ChatGPT Images 2.0 has been released, stunningly surpassing Google Nano Banana. Is design truly doomed?

This article is machine translated

Show original

At 3:00 AM Beijing time, the live stream started on time, and OpenAI released ChatGPT Images 2.0.

According to the introduction, "ChatGPT Images 2.0 is the next step in evolution: a state-of-the-art model capable of handling complex visual tasks and generating accurate, ready-to-use visual content."

Perhaps for this reason, OpenAI's official blog posts offer two versions (image mode and classic mode), with the image mode content being entirely generated by the model!

Blog address: https://openai.com/index/introducing-chatgpt-images-2-0/

In its blog post, OpenAI stated: "Images are a language, not decoration. Good images, like good sentences, are selected, organized, and presented. They can explain mechanisms, create atmosphere, validate ideas, or construct arguments."

ChatGPT Images 2.0 has achieved a qualitative leap in its ability to meticulously follow instructions, accurately placing and associating objects, rendering high-density text, and supporting the generation of various aspect ratios. Its capabilities in composition and visual aesthetics make the output no longer feel like "AI-generated" but rather like "intentionally designed."

Furthermore, it performs accurately in multilingual environments and can use expanded visual and world knowledge to fill in details for you, thus providing smarter images with fewer prompts.

To tackle the most complex tasks, Images 2.0 introduces "thinking ability" for the first time. When selecting the thinking or pro model in ChatGPT, Images 2.0 can connect to the internet to obtain real-time information, generate multiple different images from a single prompt, and review its own output. With "thinking," the model can take on more work between ideas and images, especially when accuracy, timeliness, consistency, and visual uniformity are critical.

By combining the intelligence of OpenAI's inference model with its deep understanding of the visual world, this model elevates image generation from "rendering" to "strategic design," evolving from a tool into a visual system that helps people transform ideas into understandable, shareable, teachable, and constructible results.

This capability is now available to all users of ChatGPT, Codex, and the API starting today.

Higher precision and control

Images 2.0 brings unprecedented detail and fidelity to image creation. It not only enables the creation of more complex images but also effectively brings them to life, strictly adhering to instructions, preserving key details, and rendering fine elements that were previously prone to distortion: small text, icons, UI elements, high-density compositions, and subtle style constraints. The API supports resolutions up to 2K. The results are no longer "close enough" but "ready to use."

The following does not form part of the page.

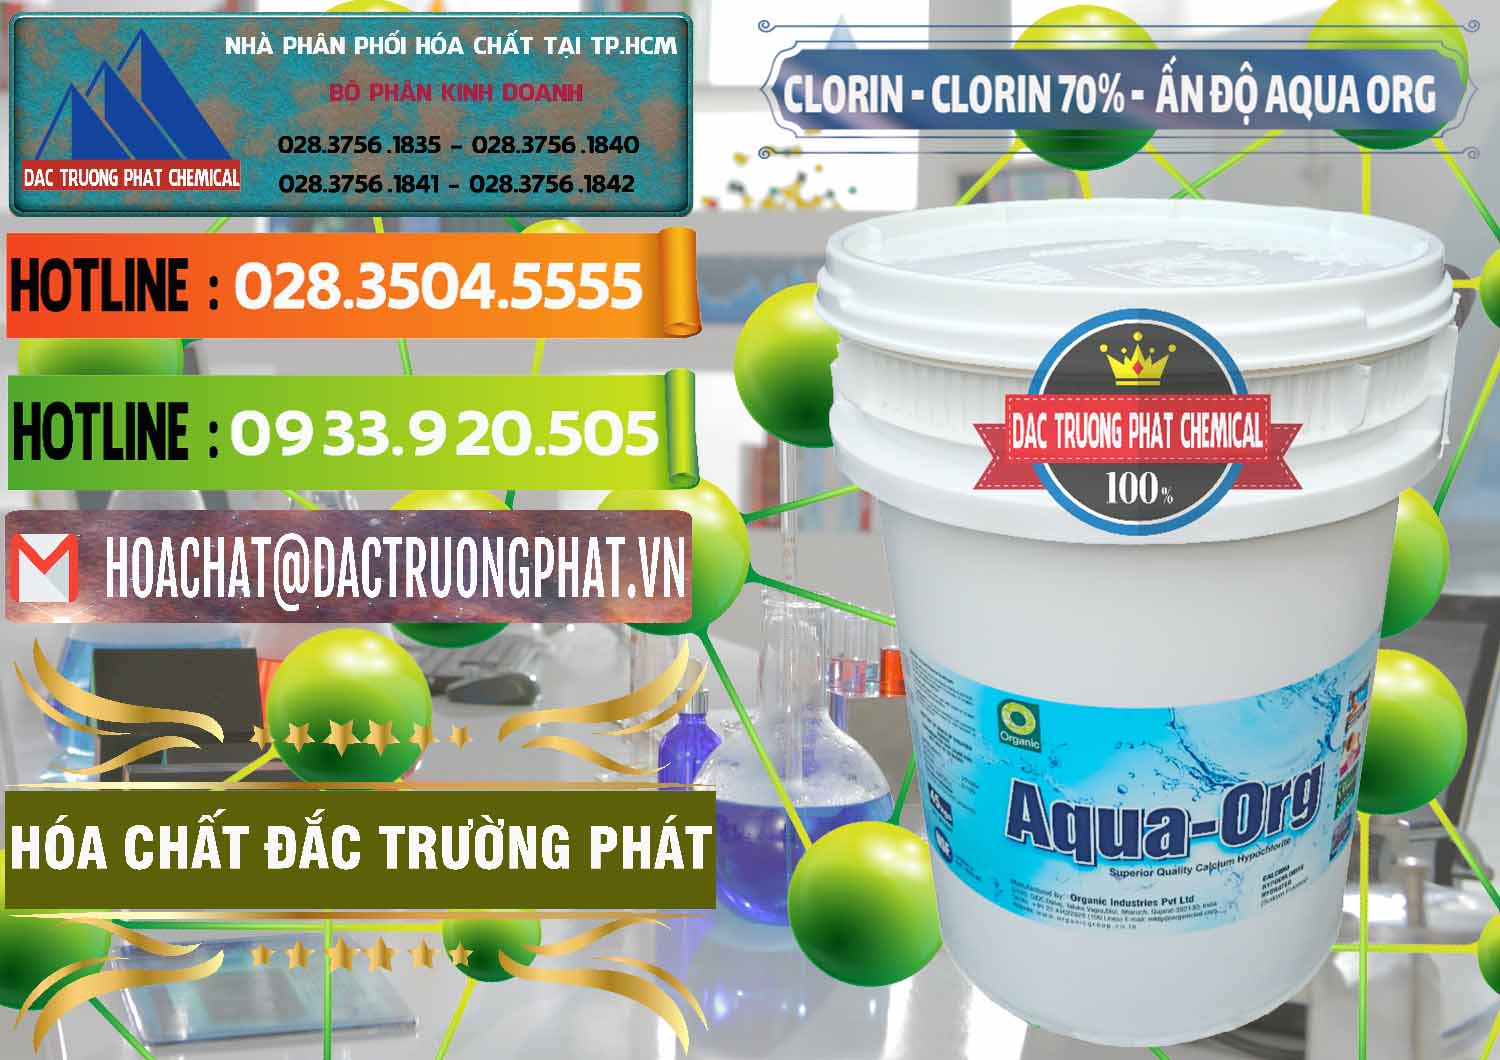 Nơi chuyên cung cấp ( bán ) Chlorine – Clorin Ấn Độ Aqua ORG Organic India - 0051 - Chuyên cung cấp và phân phối hóa chất tại TP.HCM - cungcaphoachat.com.vn

Notice that the screenshot below was actually generated by Images 2.0!

Stronger multilingual capabilities

Previous image generation models have been more stable in English and Latin alphabet languages, but have lower accuracy in other languages, especially complex or dense text.

Images 2.0 breaks through this limitation, significantly enhancing multilingual understanding, especially in text rendering for Japanese, Korean, Chinese, Hindi, and Bengali. It not only correctly generates non-English text but also ensures natural and fluent language expression.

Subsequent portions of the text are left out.